Write out, without any change, the lines in the material below that run from the line with "kavárna a cukrárna Moccacafé" through the line with "فيديو: هذا ما", both included.
>>>>>
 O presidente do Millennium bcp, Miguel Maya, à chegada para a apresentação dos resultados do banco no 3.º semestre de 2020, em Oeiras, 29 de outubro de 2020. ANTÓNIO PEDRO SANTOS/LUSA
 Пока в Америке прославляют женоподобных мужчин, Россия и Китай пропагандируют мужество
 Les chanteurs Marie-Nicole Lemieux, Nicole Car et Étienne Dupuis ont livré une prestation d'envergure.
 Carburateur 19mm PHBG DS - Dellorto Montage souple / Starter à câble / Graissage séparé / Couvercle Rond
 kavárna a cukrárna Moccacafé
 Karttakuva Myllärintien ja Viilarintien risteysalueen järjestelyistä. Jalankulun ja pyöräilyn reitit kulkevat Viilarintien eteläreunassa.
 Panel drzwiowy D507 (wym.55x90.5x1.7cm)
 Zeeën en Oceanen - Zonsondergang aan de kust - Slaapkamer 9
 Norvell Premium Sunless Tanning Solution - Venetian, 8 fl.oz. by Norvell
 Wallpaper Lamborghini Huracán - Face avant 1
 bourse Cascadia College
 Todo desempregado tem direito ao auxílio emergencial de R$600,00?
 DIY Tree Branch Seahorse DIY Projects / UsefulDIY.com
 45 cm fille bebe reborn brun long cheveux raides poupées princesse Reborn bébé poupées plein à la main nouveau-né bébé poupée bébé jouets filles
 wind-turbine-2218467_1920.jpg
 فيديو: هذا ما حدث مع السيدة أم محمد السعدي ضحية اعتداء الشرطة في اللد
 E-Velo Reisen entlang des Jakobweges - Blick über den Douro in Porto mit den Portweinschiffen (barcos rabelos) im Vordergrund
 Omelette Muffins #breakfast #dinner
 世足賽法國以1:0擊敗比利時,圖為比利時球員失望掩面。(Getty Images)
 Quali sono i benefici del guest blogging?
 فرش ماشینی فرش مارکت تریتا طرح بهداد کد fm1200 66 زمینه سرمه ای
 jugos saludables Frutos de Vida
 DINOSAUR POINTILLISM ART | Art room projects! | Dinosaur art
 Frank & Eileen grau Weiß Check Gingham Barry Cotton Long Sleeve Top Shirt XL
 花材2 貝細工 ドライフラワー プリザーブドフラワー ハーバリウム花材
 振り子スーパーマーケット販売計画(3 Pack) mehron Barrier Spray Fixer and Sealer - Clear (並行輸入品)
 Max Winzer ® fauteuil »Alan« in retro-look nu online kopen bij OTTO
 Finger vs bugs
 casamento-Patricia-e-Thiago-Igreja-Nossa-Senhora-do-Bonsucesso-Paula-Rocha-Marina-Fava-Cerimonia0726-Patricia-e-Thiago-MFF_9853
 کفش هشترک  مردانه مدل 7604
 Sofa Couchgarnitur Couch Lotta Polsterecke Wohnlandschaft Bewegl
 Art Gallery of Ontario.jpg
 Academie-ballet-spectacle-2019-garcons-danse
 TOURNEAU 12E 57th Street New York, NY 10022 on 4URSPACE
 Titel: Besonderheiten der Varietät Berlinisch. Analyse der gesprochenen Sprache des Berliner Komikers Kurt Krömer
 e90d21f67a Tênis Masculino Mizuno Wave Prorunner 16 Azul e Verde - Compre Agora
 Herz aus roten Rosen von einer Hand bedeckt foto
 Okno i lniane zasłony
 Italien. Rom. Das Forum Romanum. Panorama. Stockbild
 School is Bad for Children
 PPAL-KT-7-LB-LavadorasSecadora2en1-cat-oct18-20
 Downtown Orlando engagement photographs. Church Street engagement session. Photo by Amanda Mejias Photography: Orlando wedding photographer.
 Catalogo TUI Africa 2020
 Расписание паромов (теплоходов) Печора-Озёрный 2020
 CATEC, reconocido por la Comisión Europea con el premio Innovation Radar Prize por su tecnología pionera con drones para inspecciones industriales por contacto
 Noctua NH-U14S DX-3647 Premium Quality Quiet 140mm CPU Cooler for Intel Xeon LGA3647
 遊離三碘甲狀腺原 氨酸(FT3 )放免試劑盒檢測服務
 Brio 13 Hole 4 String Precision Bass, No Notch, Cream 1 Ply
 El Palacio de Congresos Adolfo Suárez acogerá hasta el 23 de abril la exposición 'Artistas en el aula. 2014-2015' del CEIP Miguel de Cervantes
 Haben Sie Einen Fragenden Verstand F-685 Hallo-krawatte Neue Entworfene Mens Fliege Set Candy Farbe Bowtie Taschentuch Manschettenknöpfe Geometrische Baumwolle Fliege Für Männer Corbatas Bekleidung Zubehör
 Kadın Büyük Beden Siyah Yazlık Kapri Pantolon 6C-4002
<<<<<
● Output for this task
 kavárna a cukrárna Moccacafé
 Karttakuva Myllärintien ja Viilarintien risteysalueen järjestelyistä. Jalankulun ja pyöräilyn reitit kulkevat Viilarintien eteläreunassa.
 Panel drzwiowy D507 (wym.55x90.5x1.7cm)
 Zeeën en Oceanen - Zonsondergang aan de kust - Slaapkamer 9
 Norvell Premium Sunless Tanning Solution - Venetian, 8 fl.oz. by Norvell
 Wallpaper Lamborghini Huracán - Face avant 1
 bourse Cascadia College
 Todo desempregado tem direito ao auxílio emergencial de R$600,00?
 DIY Tree Branch Seahorse DIY Projects / UsefulDIY.com
 45 cm fille bebe reborn brun long cheveux raides poupées princesse Reborn bébé poupées plein à la main nouveau-né bébé poupée bébé jouets filles
 wind-turbine-2218467_1920.jpg
 فيديو: هذا ما حدث مع السيدة أم محمد السعدي ضحية اعتداء الشرطة في اللد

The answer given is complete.